When I ask my aunt, Shahzeena, if a slaughter ever stayed in her mind, she tells me with a smile about a particular time Mamu had performed a sacrifice on the family’s farmland. By the time the slaughter was complete and the meat divided, over a hundred people had gathered, wearing their best clothes, with Mamu having long run into the house to avoid the crowds. They began to knock on the door, and as it creaked, rattled and came off its hinges, he ran up to the roof of the house. The crowds began to shout to him, “Heads!” “Legs!” as he threw packages of meat down over the edge, everyone cheering for what would finally be a full month of food on the table.
“If people cannot afford to provide for themselves and take care of their families, we band together. So I feel like I am doing something small, but something right,” Shahzeena tells me. “It’s giving sadaqa (charity) to those in need.”

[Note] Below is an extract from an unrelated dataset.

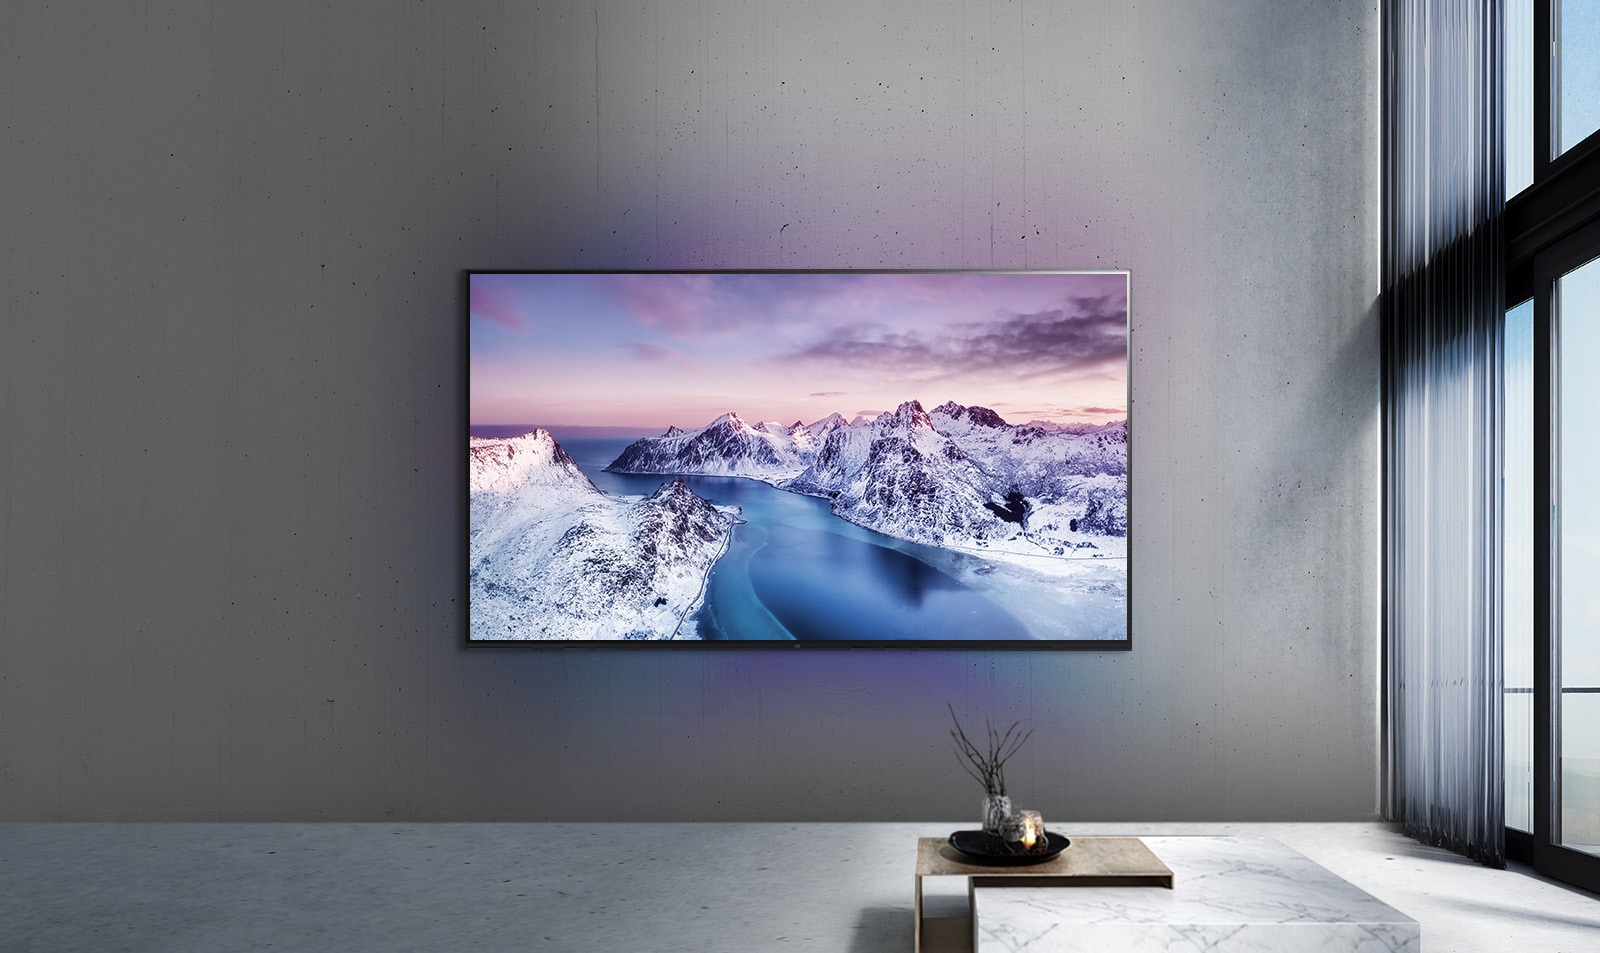 Ultra HD televizor namontovaný na stěně za stolem s dekoracemi ve stylu zen.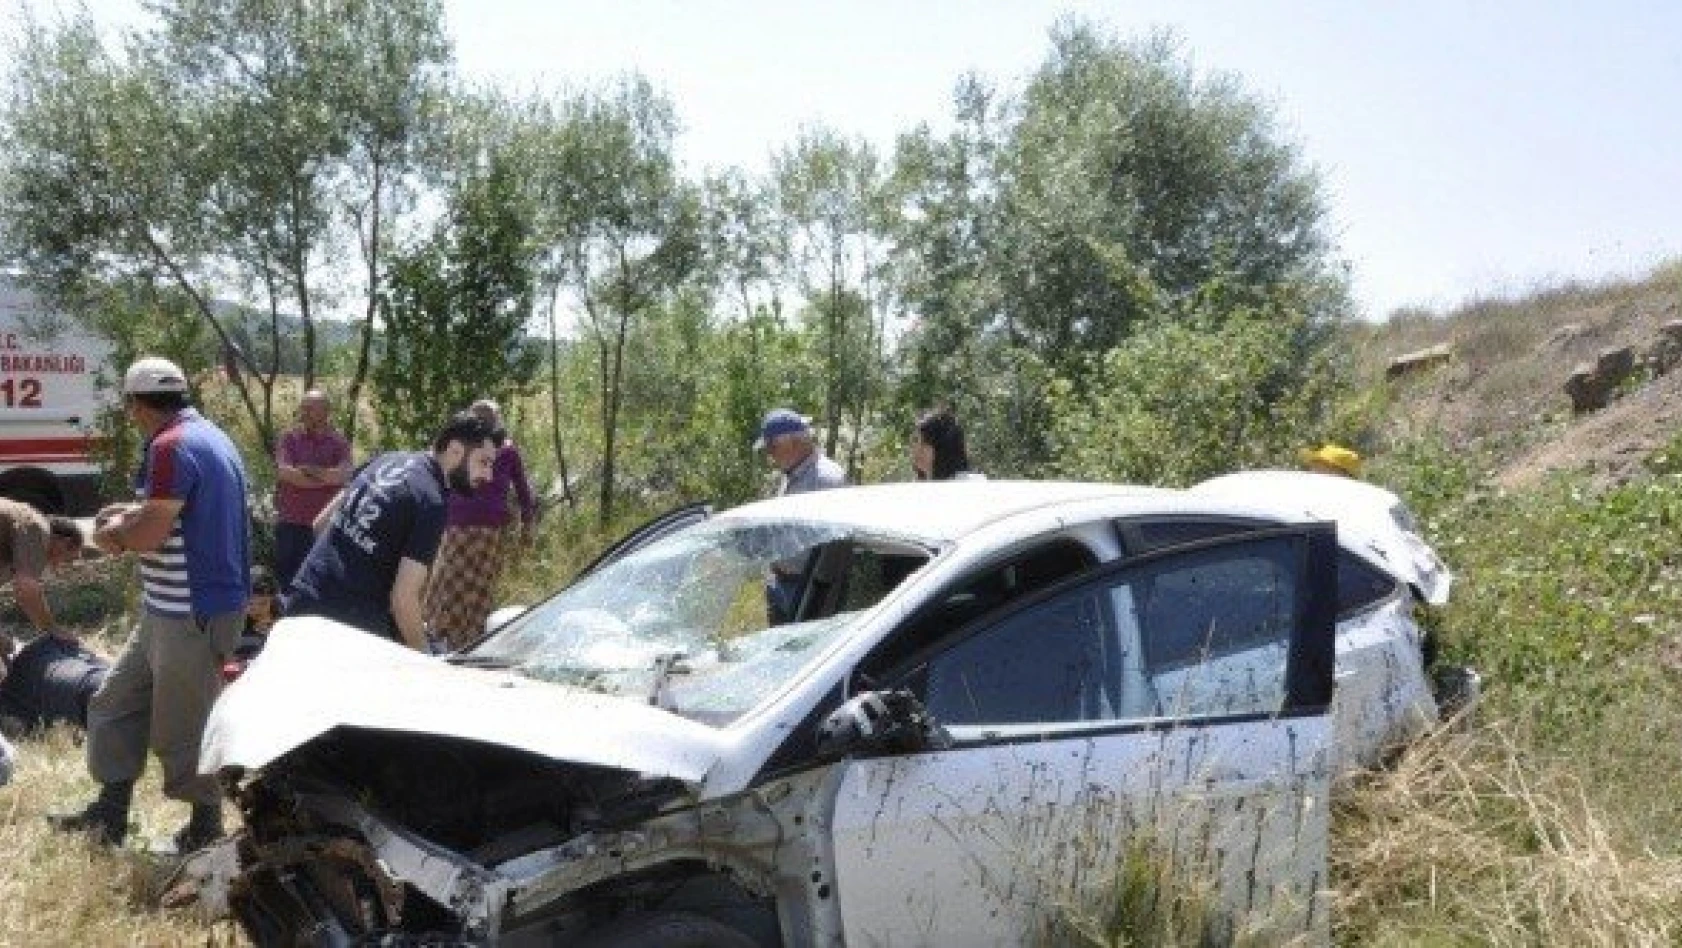 Kastamonu'da otomobil tarlaya devrildi: 5 yaralı

Animal sacrifice may be common in Pakistan, but the tradition continues in Canada, where much of my family immigrated in the 1970s. The country’s Muslim population is growing at a rate much higher than any other religious group, largely due to immigration—according to Statistics Canada, the most Muslim immigrants to Canada come from Pakistan. Ontario is home to 61 per cent of Canada’s Muslim population, as well as most of the country’s Halal ritual services. Ontario alone boasts over 35 meat plants that provide ritual slaughter services at the hands of certified butchers, licensed by the Ontario Ministry of Agriculture, Food and Rural Affairs.
“Independent slaughterhouses are almost untouchable in Toronto, because major corporations have taken to false Halal labelling,” says Abdul Wakil, the owner of Ottawa’s Bilal Farms, and a butcher who has performed qurbani rituals for over 20 years in Ontario. “Muslims in Ontario prefer locally slaughtered meat from trusted, familiar faces, because they know what they’re getting. We like to say our meat comes fresh from our home to your plate.”
In order to classify meat as Halal, the animal must not only be blessed to be cleansed, but be
slaughtered with minimal pain, which means, for example, no shooting or electric shock, but a knife that is razor sharp and cuts in one shot, draining all blood. In Pakistan, one cow can be worth the blessing of seven heads, while one lamb can be worth the blessing of one head. The bigger the animal, the higher its cost, with camels and cows the most expensive. In Ontario, cost also depends on size.
Beef can run you $75-300, while lamb is $30-45. One farm can go through 600 to 1,000 animals over the three days of Eid, and easily between 6,000 to 10,000 animals in a year.
Animal sacrifice can be viewed as a glorified interpretation of an act of killing, redemptive in its
sustenance, as each believer follows the swish of the knife and the oozing of blood as one might watch the intricate footwork of a ballet dancer. And yet, after several brutal weeks of life as a heart patient in a Scarborough hospital, Papo made it through, with a better, stronger cliché of a heart, surprising an entire team of doctors. His recovery can be attributed to the wonders of medicine, but whether one particular ritual had something to do with it, my mother can’t say. I do know that for my Pakistani-Canadian family, spilling blood remains a sacrifice—a currency of blessings and sheer optimism.